## [YOUR INSTRUCTIONS]
Copy out the lines beginning with the one that contains "[스압] 아이돌 그룹 무대 의상의 비밀.jpg" and ending with the last line below, exactly as they stand. Pictures are not copied.

=== Section Start ===

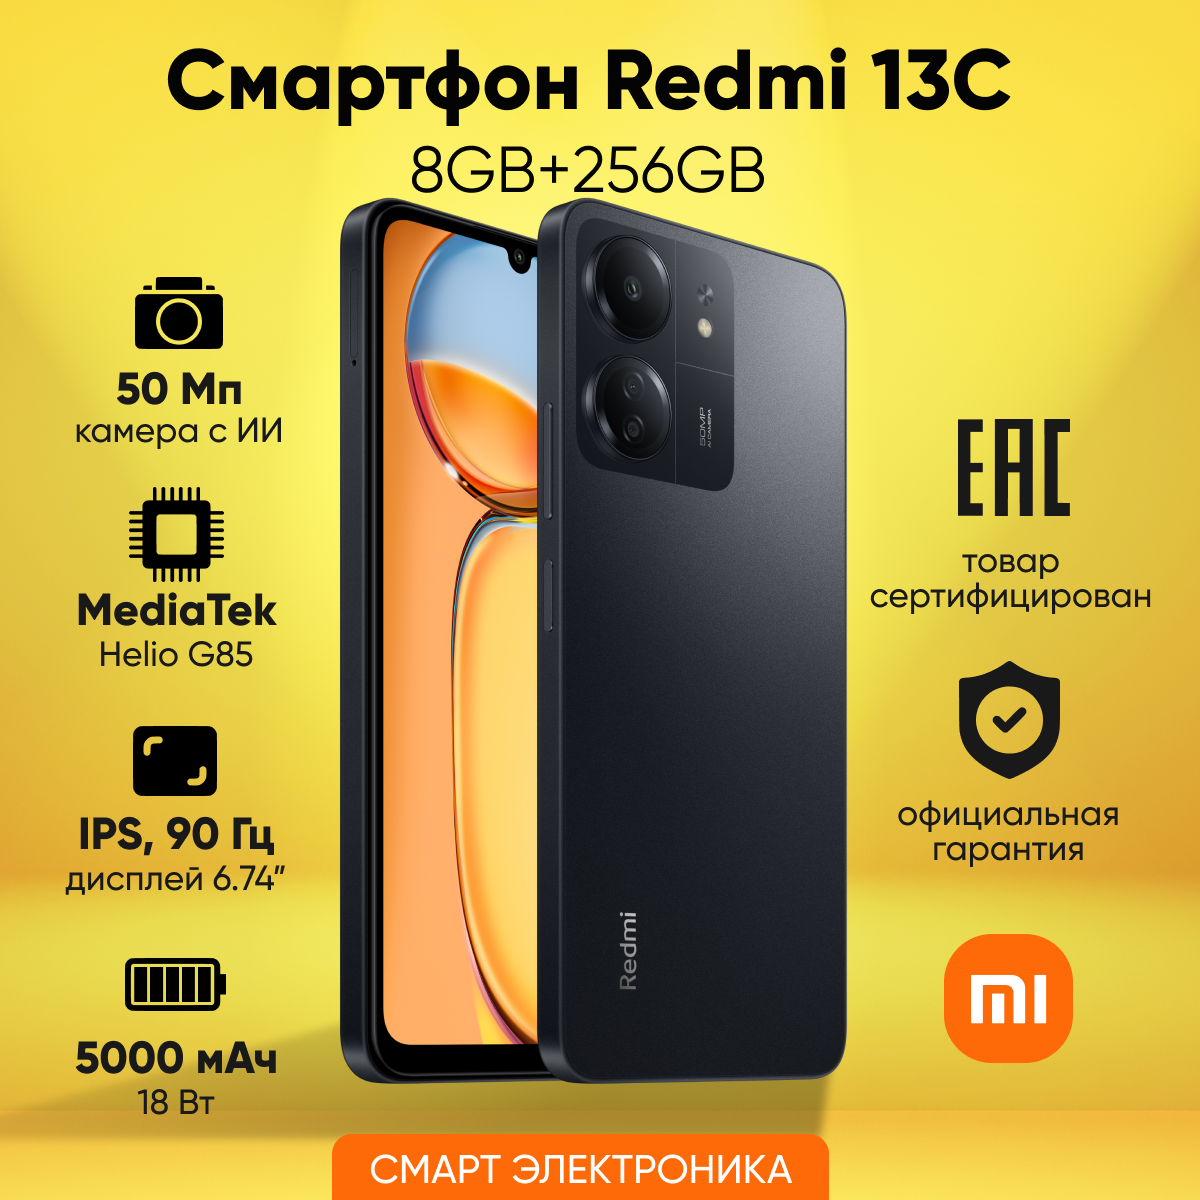 Смартфон Redmi 13C 8GB+256GB Black
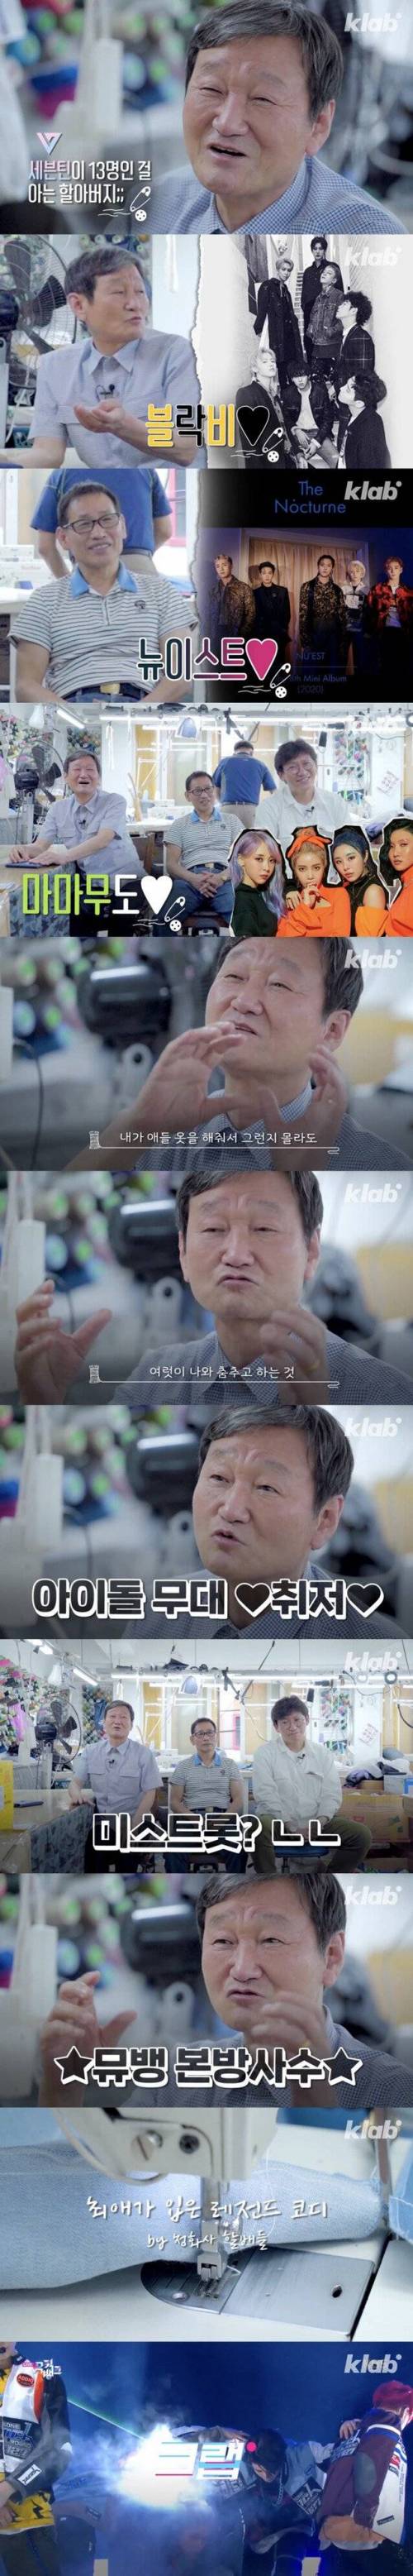 [스압] 아이돌 그룹 무대 의상의 비밀.jpg
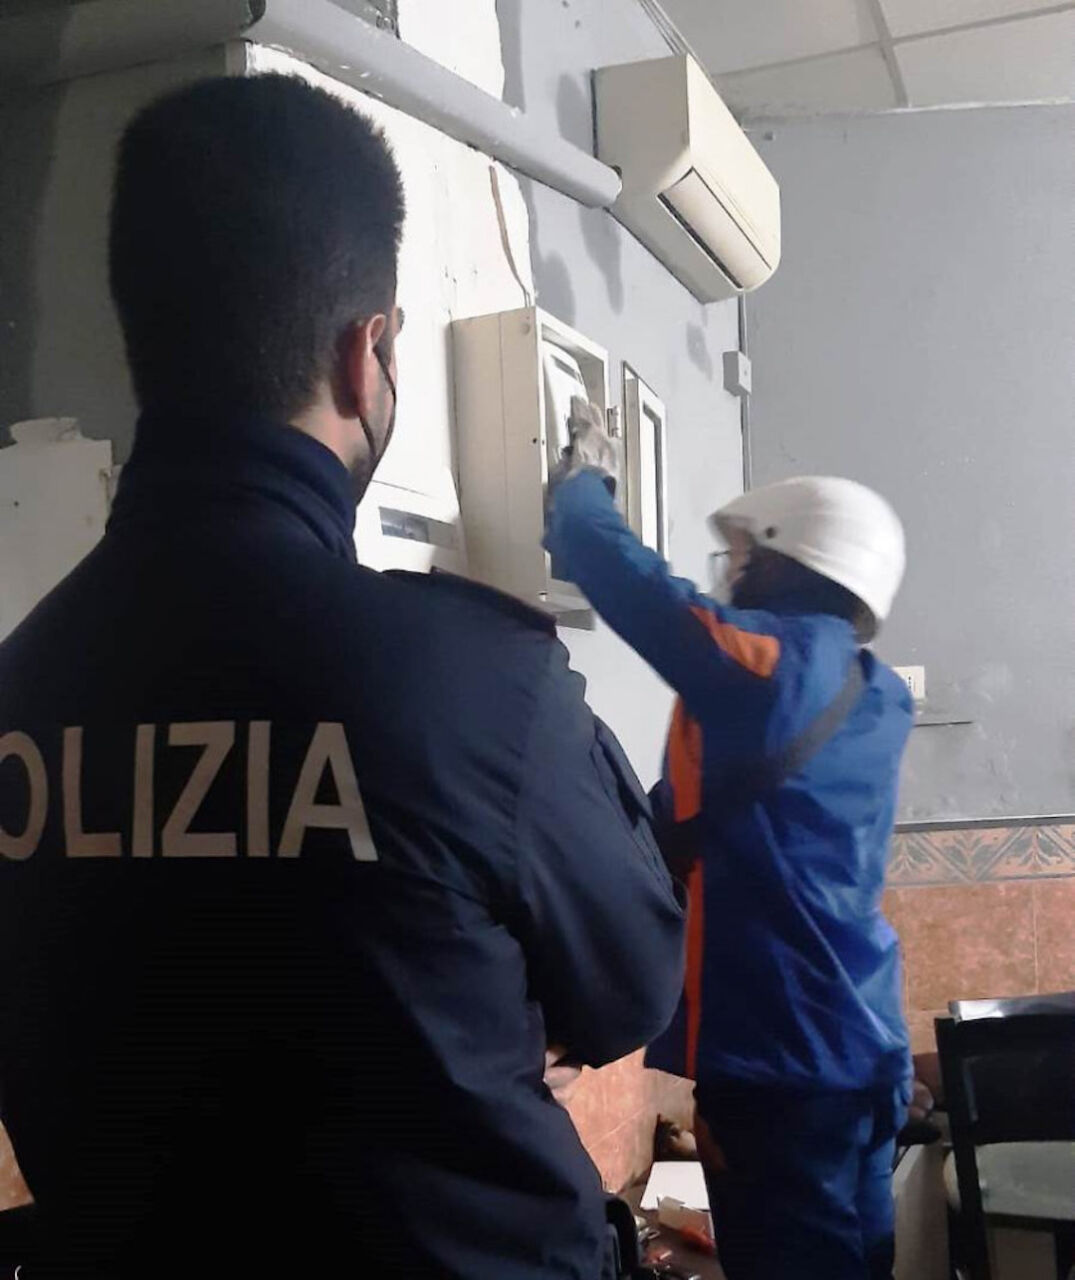 Napoli, furto di energia elettrica: chiuso circolo abusivo al Rione Sanità
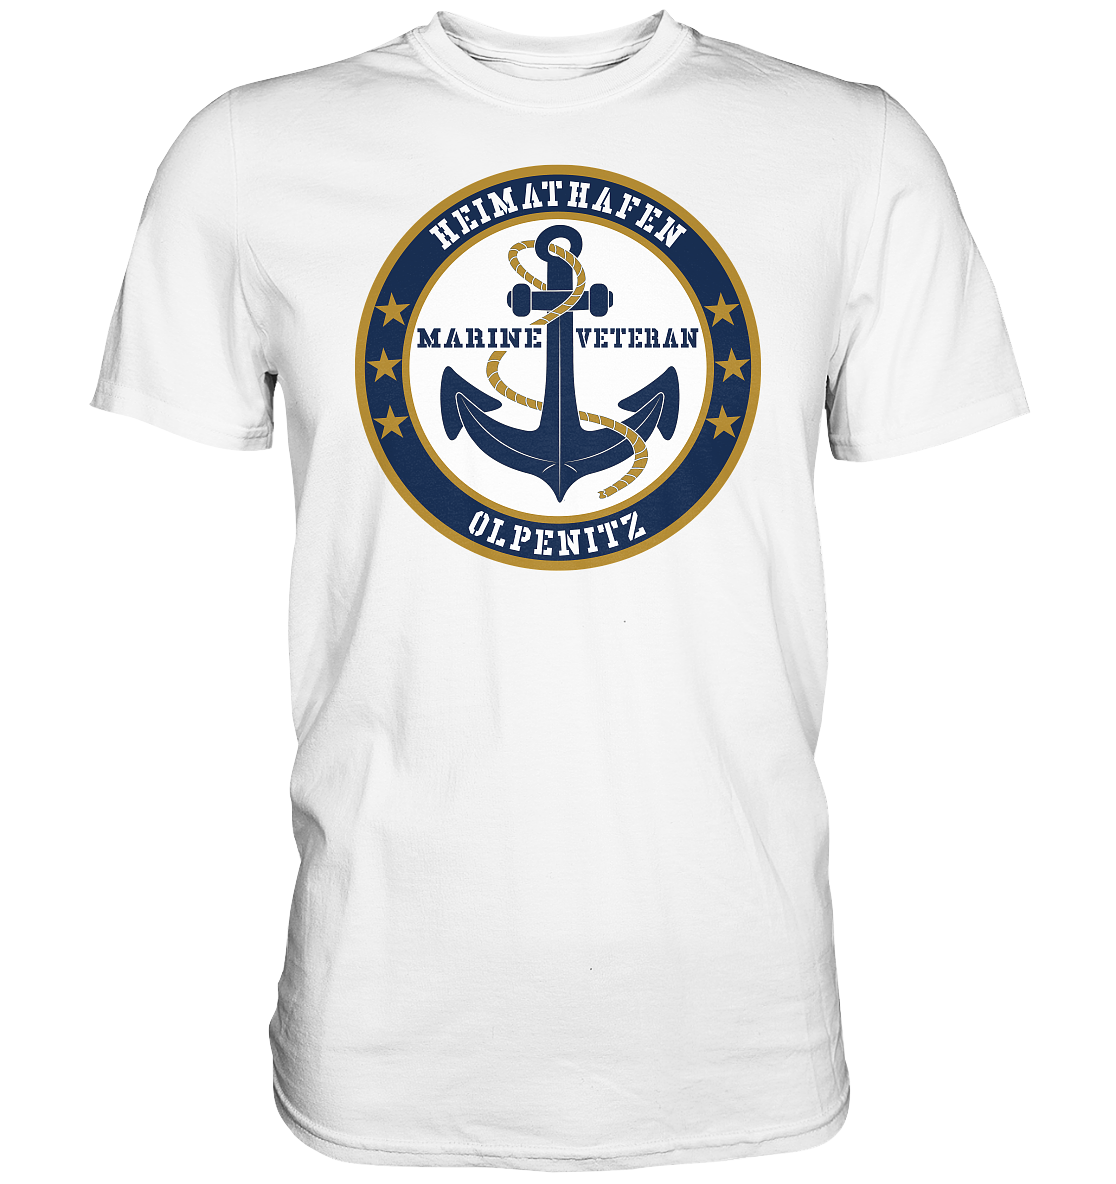 Marine Veteran Heimathafen OLPENITZ - Premium Shirt
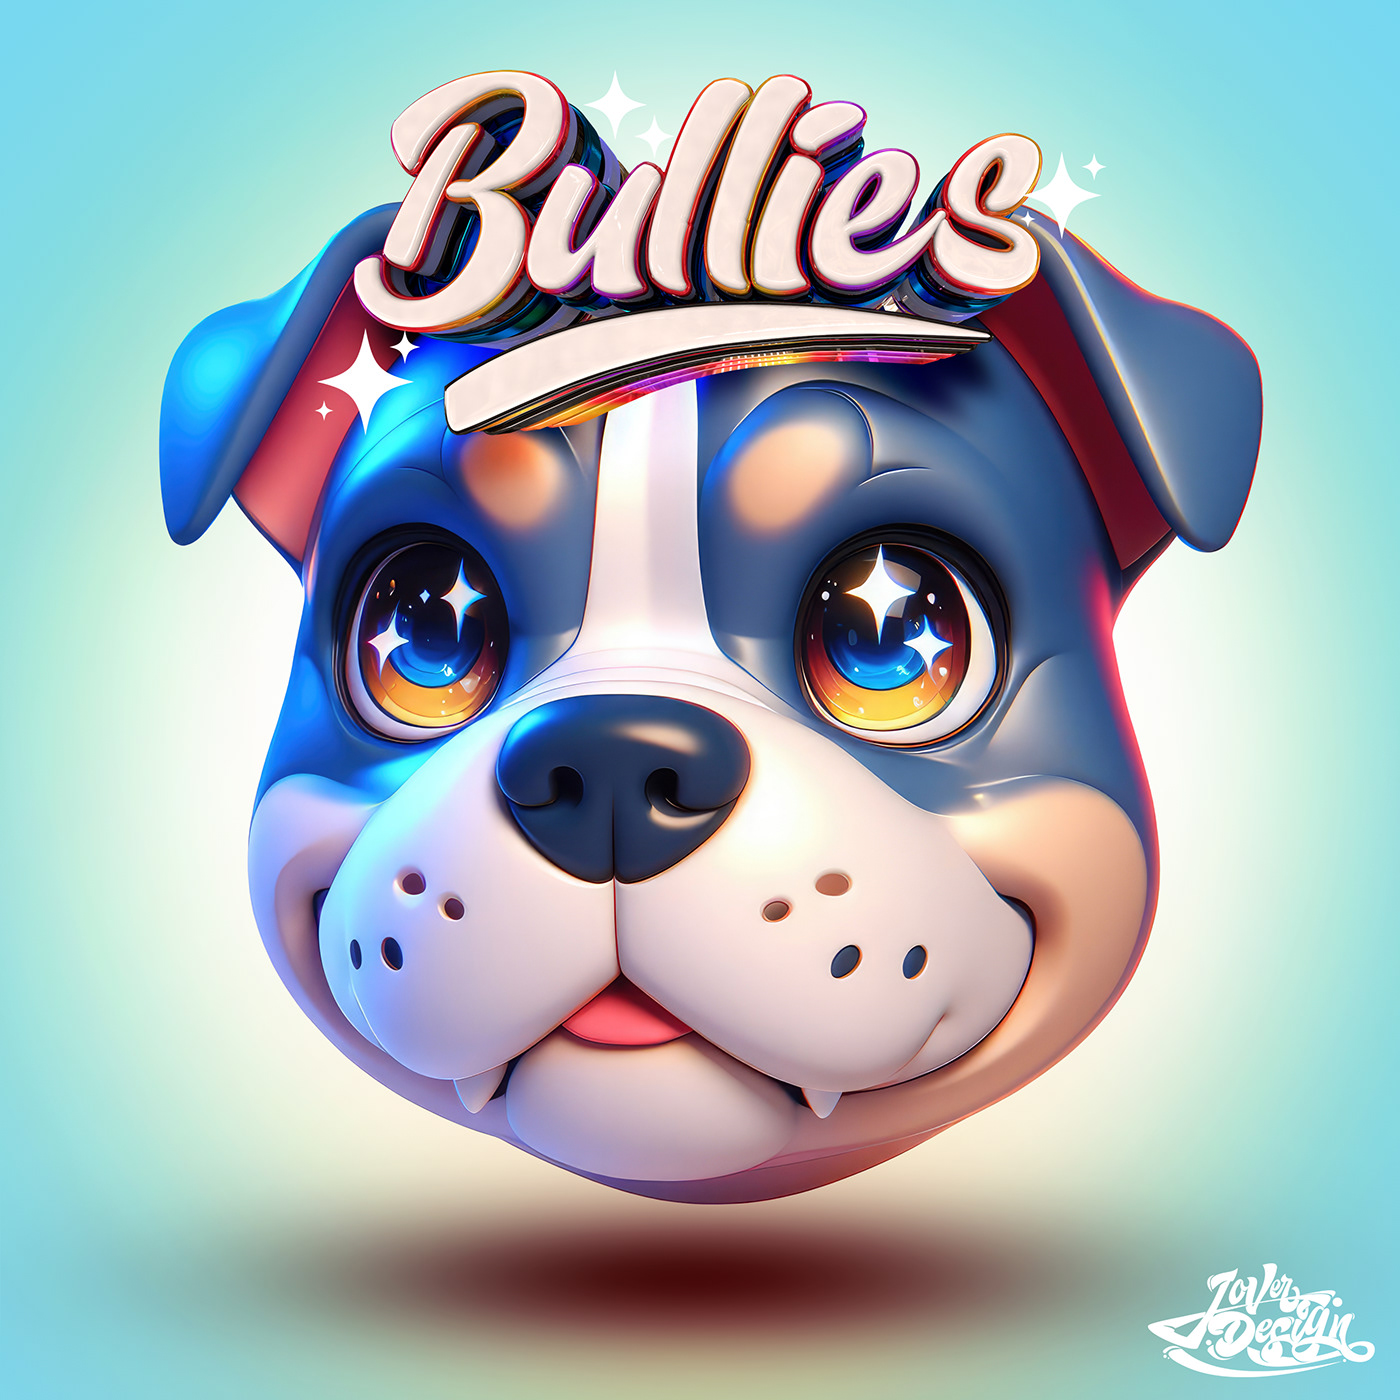 American Bully Pitbull 3D EXOTIC BULLIES american bully heads bullies bully logo

=== Section End ===

## [RESULT OF THIS TASK]
 [스압] 아이돌 그룹 무대 의상의 비밀.jpg
 Napoli, furto di energia elettrica: chiuso circolo abusivo al Rione Sanità
 Marine Veteran Heimathafen OLPENITZ - Premium Shirt
 American Bully Pitbull 3D EXOTIC BULLIES american bully heads bullies bully logo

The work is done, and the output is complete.